• _EXERCISE REQUIREMENTS_: Skip any image you find and restate the rest of the data word for word.

══ DATASET SECTION ══

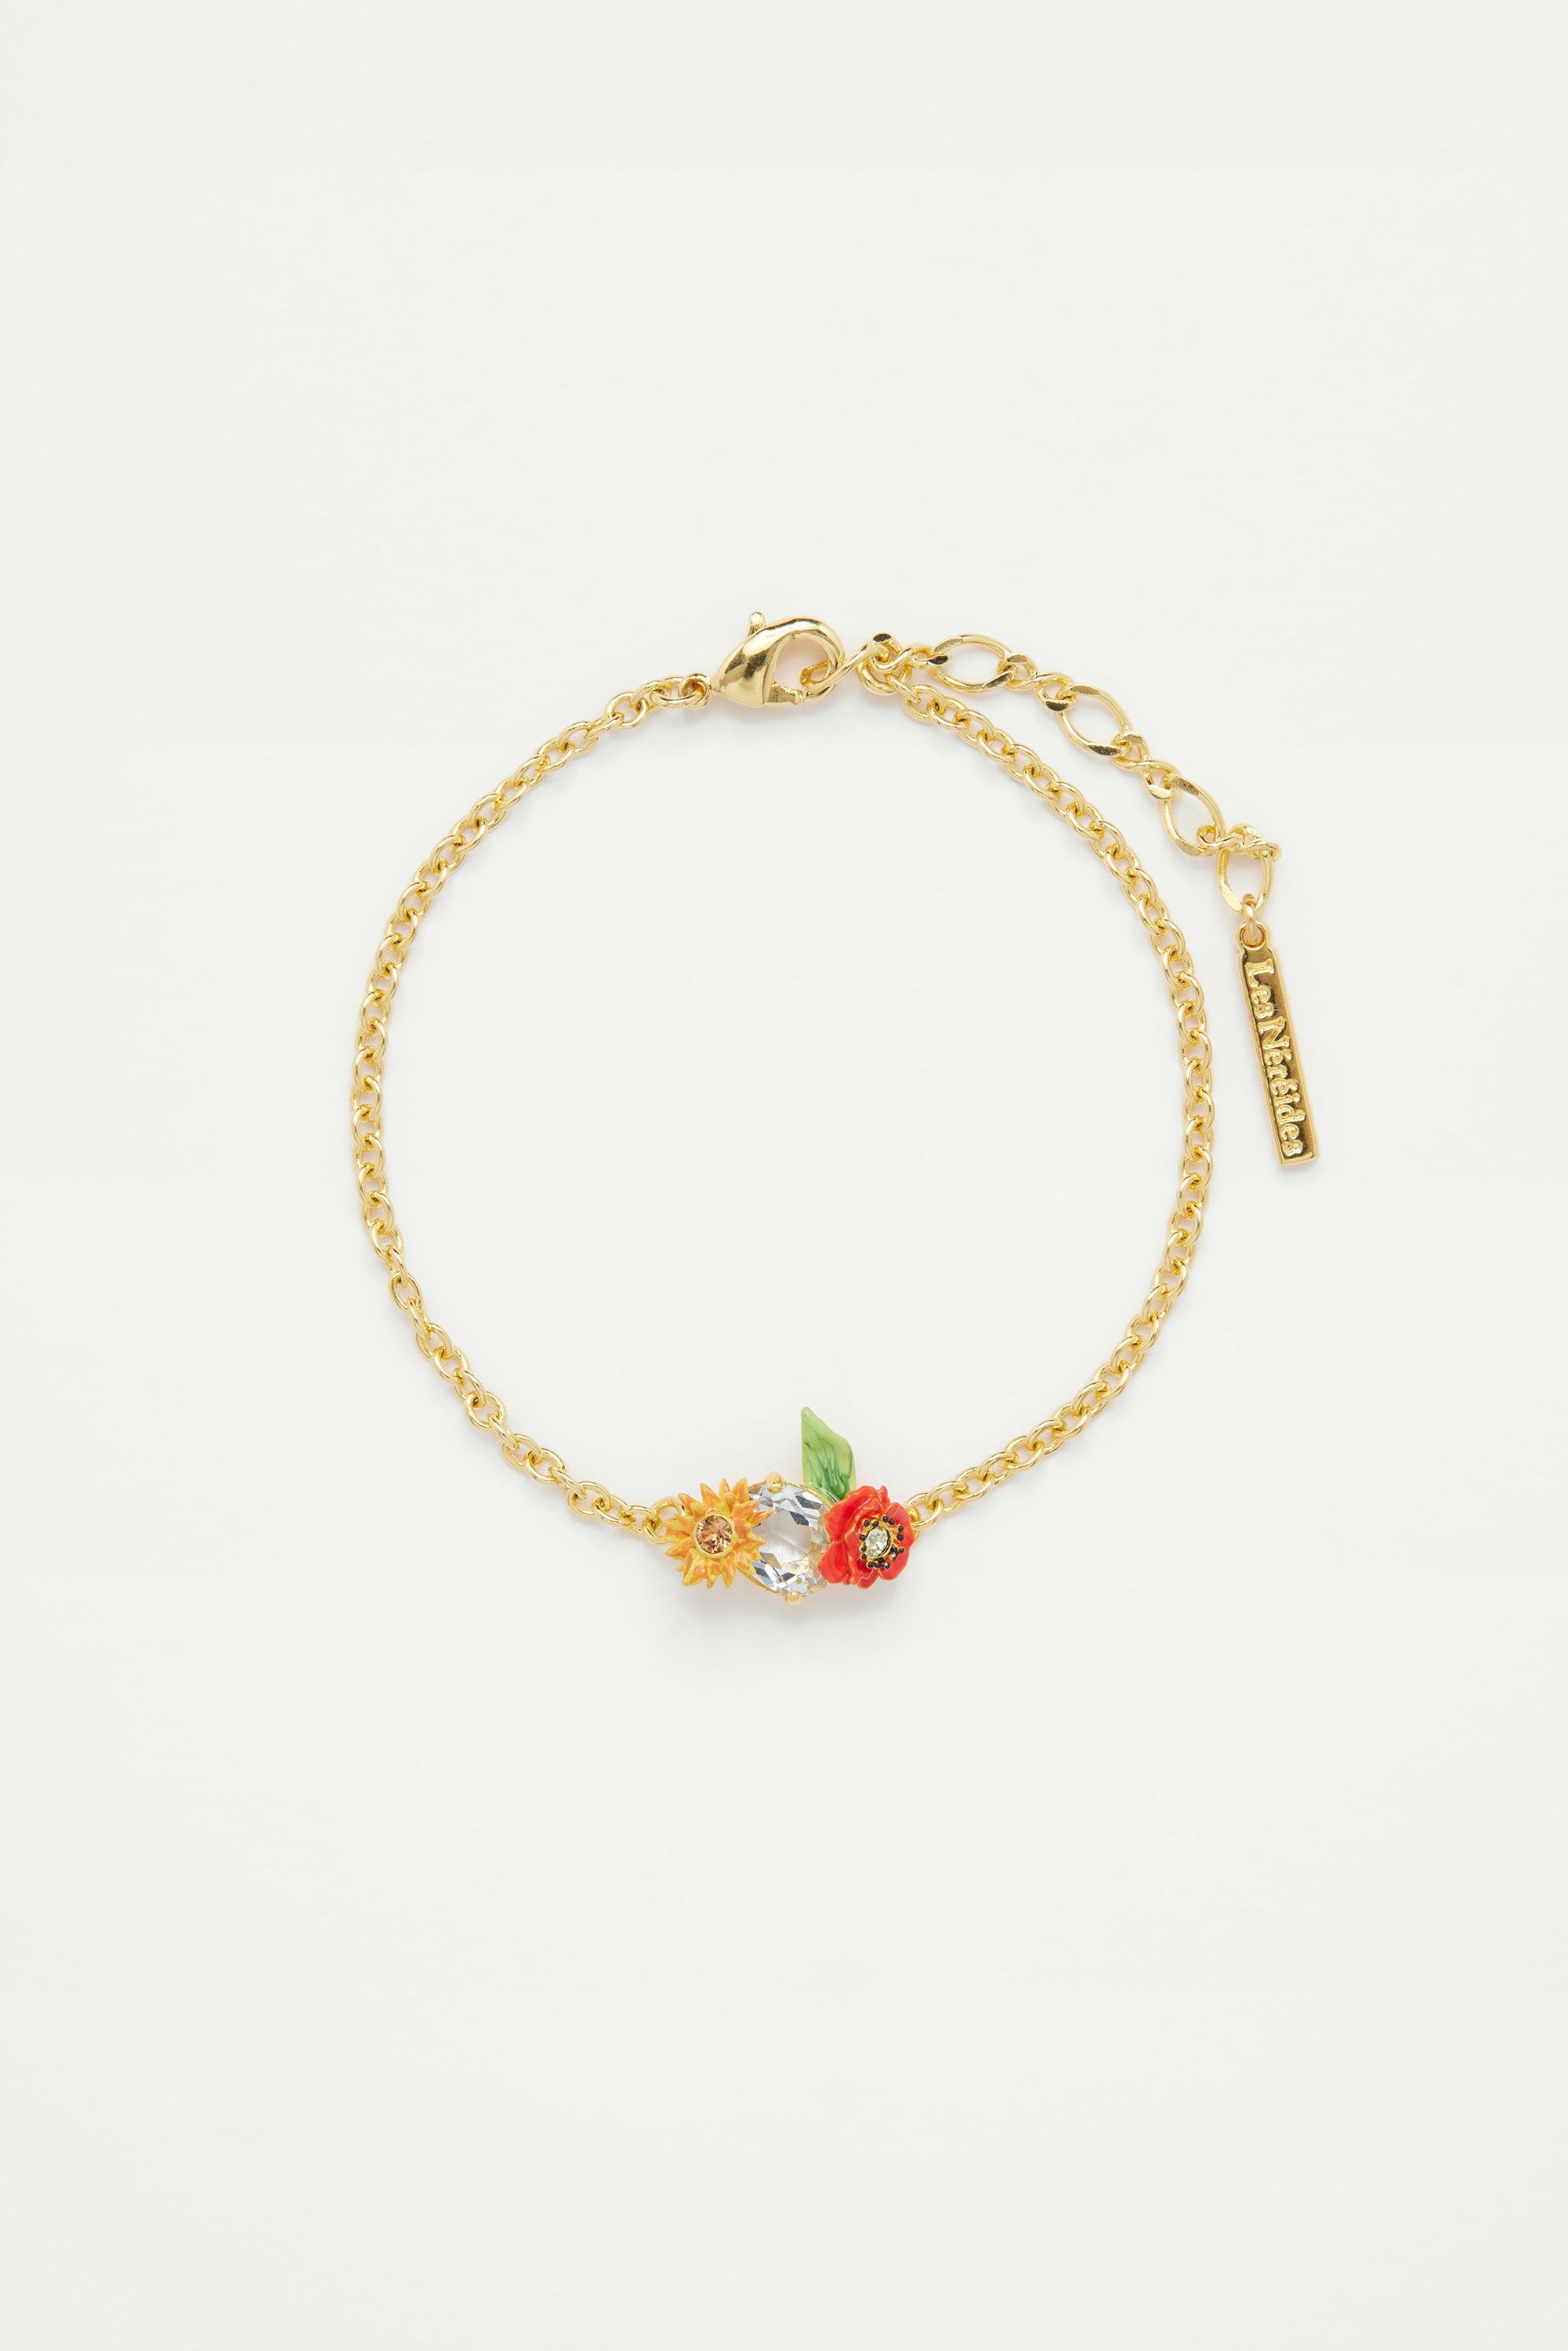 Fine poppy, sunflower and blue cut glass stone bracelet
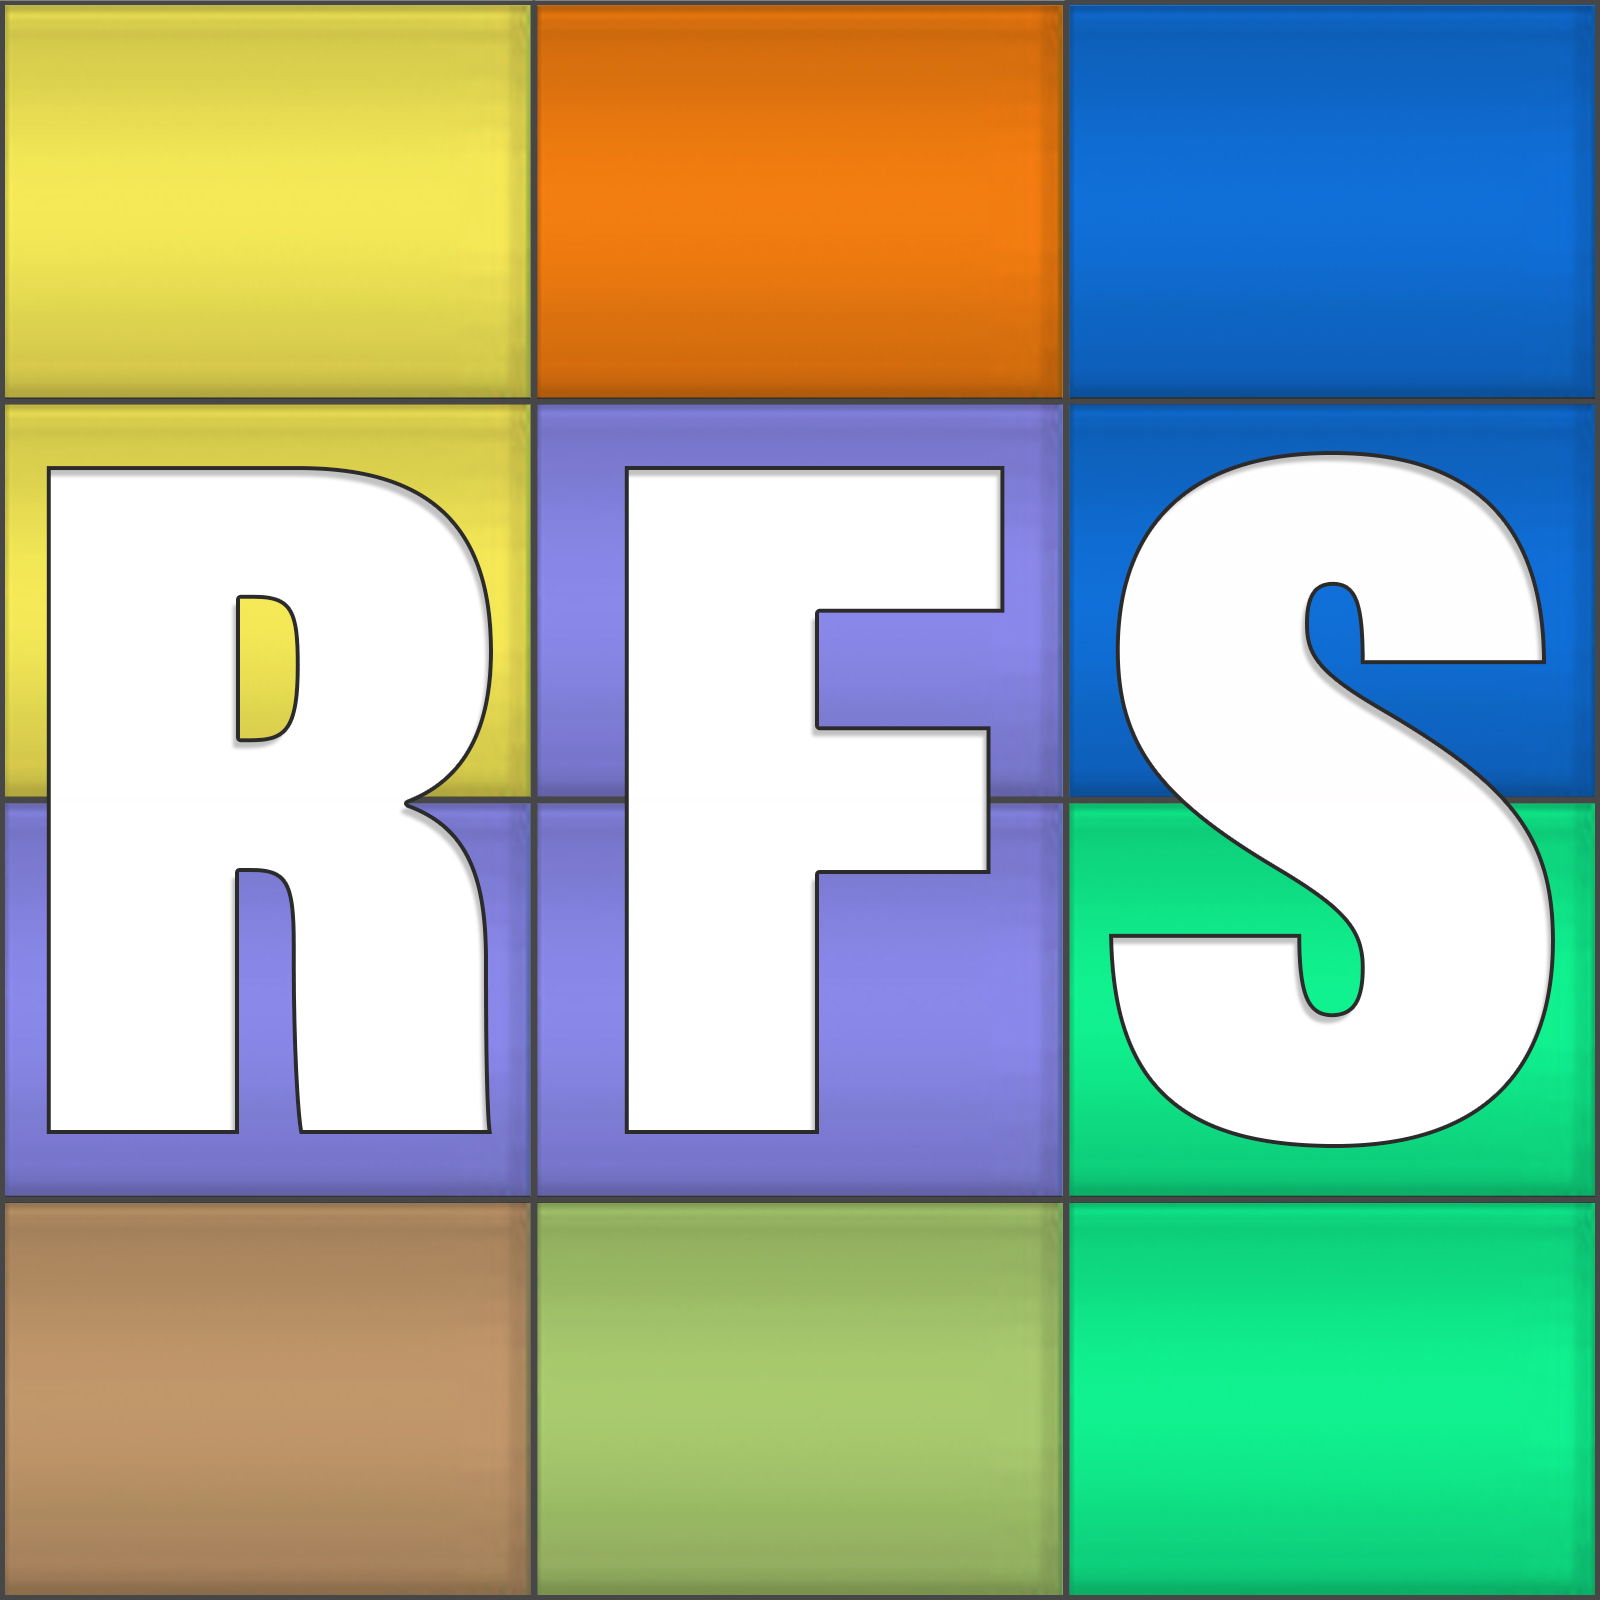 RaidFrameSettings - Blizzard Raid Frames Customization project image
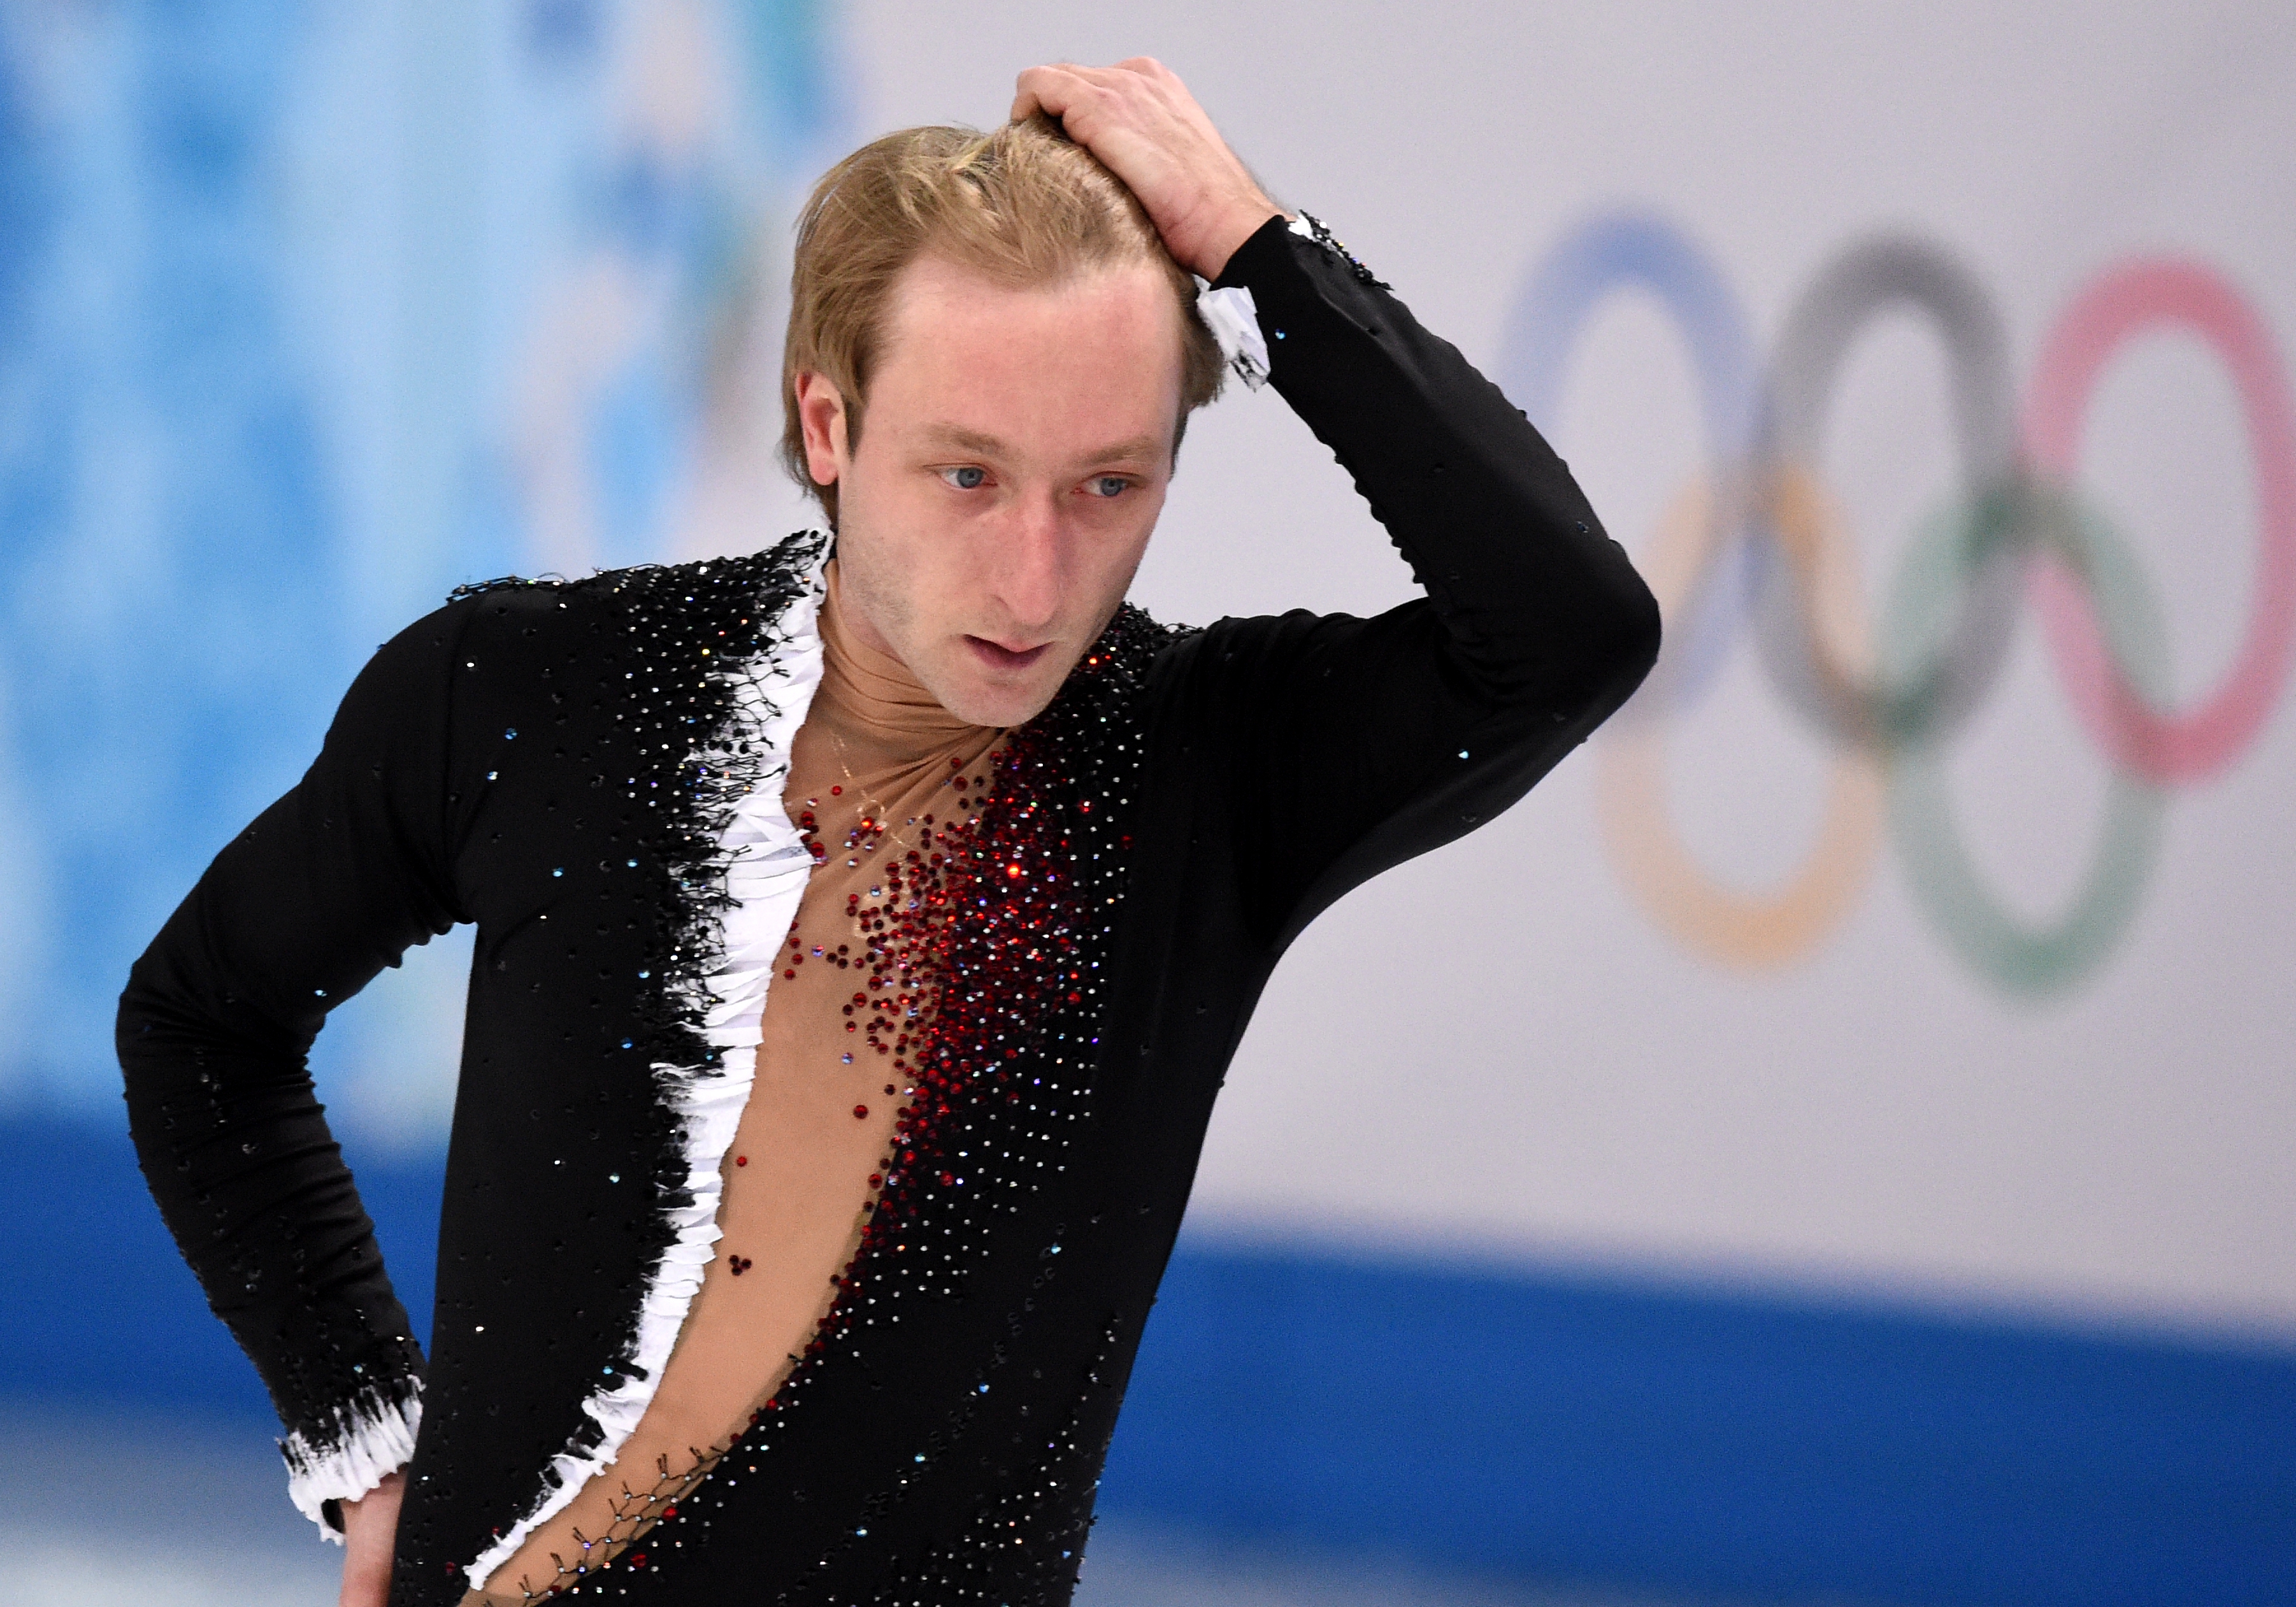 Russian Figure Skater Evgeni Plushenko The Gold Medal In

═══

• _REPLY_:
 Fine poppy, sunflower and blue cut glass stone bracelet
 RaidFrameSettings - Blizzard Raid Frames Customization project image
 Russian Figure Skater Evgeni Plushenko The Gold Medal In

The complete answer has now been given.